Восточноевропейская региональная группа (ВЕГ) (в неё входят 23 страны, в том числе и Россия) громко настаивала, что девятый генсекретарь должен появиться именно из её рядов. Действительно, ВЕГ — единственная из существующих в ООН пяти региональных групп, которой ни разу не удавалось продвинуть на пост руководителя Секретариата ООН «своего человека». Мы поддержали эти амбиции, напомнив, правда, что в 2006 году, когда, по общему признанию, была очередь представителя Азии, свою кандидатуру выдвинула латышка Вике-Фрейберга, поэтому сейчас восточноевропейцам надо быть готовыми к появлению в списке «чужаков».
Вторая «линия атаки» — новым генсеком должна стать непременно женщина. Ожидание резонное, поскольку за 70 лет существования ООН такого ещё не было. Даже среди кандидатов на пост за всё время оказались лишь три женщины.

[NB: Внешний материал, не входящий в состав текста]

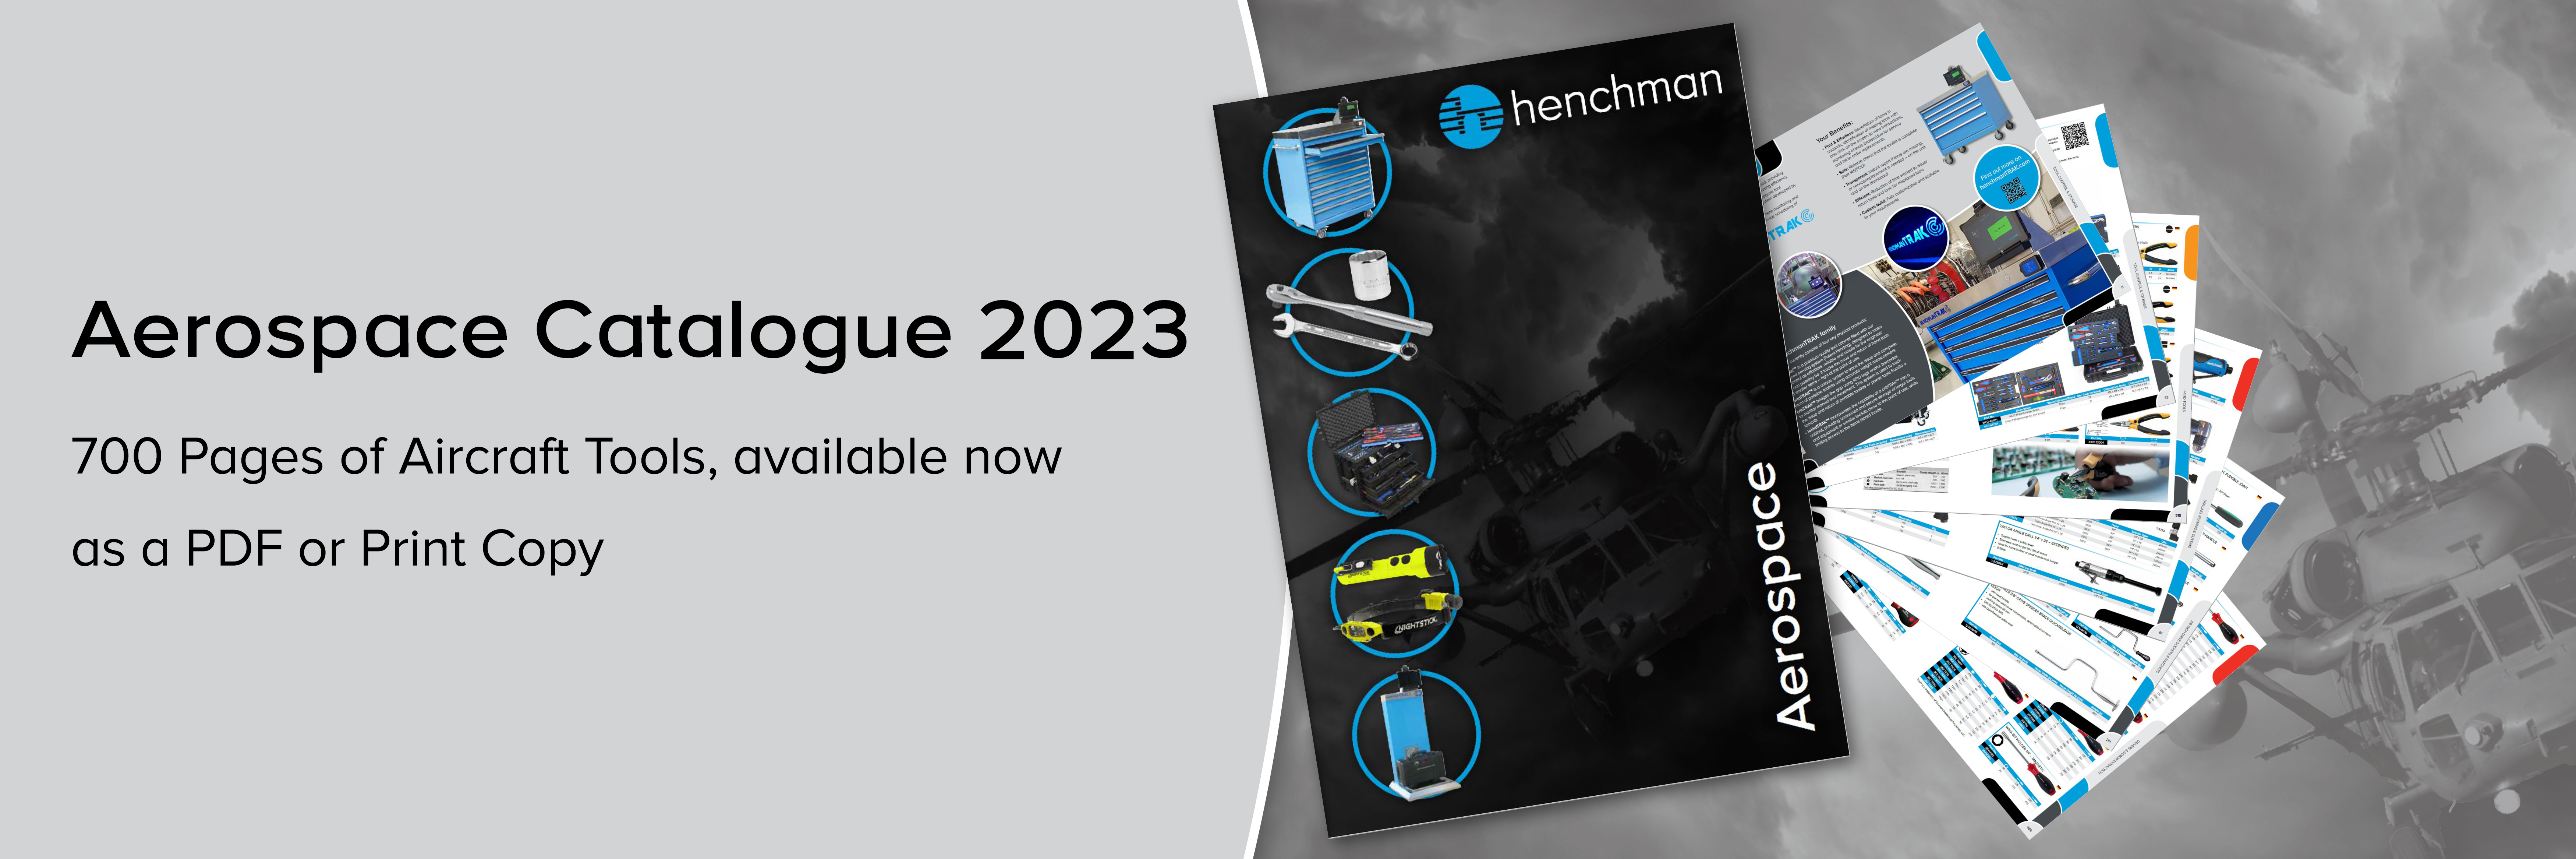 Henchman Aerospace Print Catalogue 2023

Третья новация — роль Генассамблеи в данном процессе. Устав ООН в этом плане весьма сух: Генассамблея назначает генсекретаря по рекомендации Совета Безопасности. Вдобавок в одной из ранее принятых резолюций Генассамблея просит Совет представить ей одного кандидата. (Брошенная в каком-то из интервью Сергеем Лавровым фраза о том, что мы не против представления Советом Генассамблее нескольких кандидатов, вызвала переполох у западной «тройки» постоянных членов — они явно не были настроены на «разгул демократии».)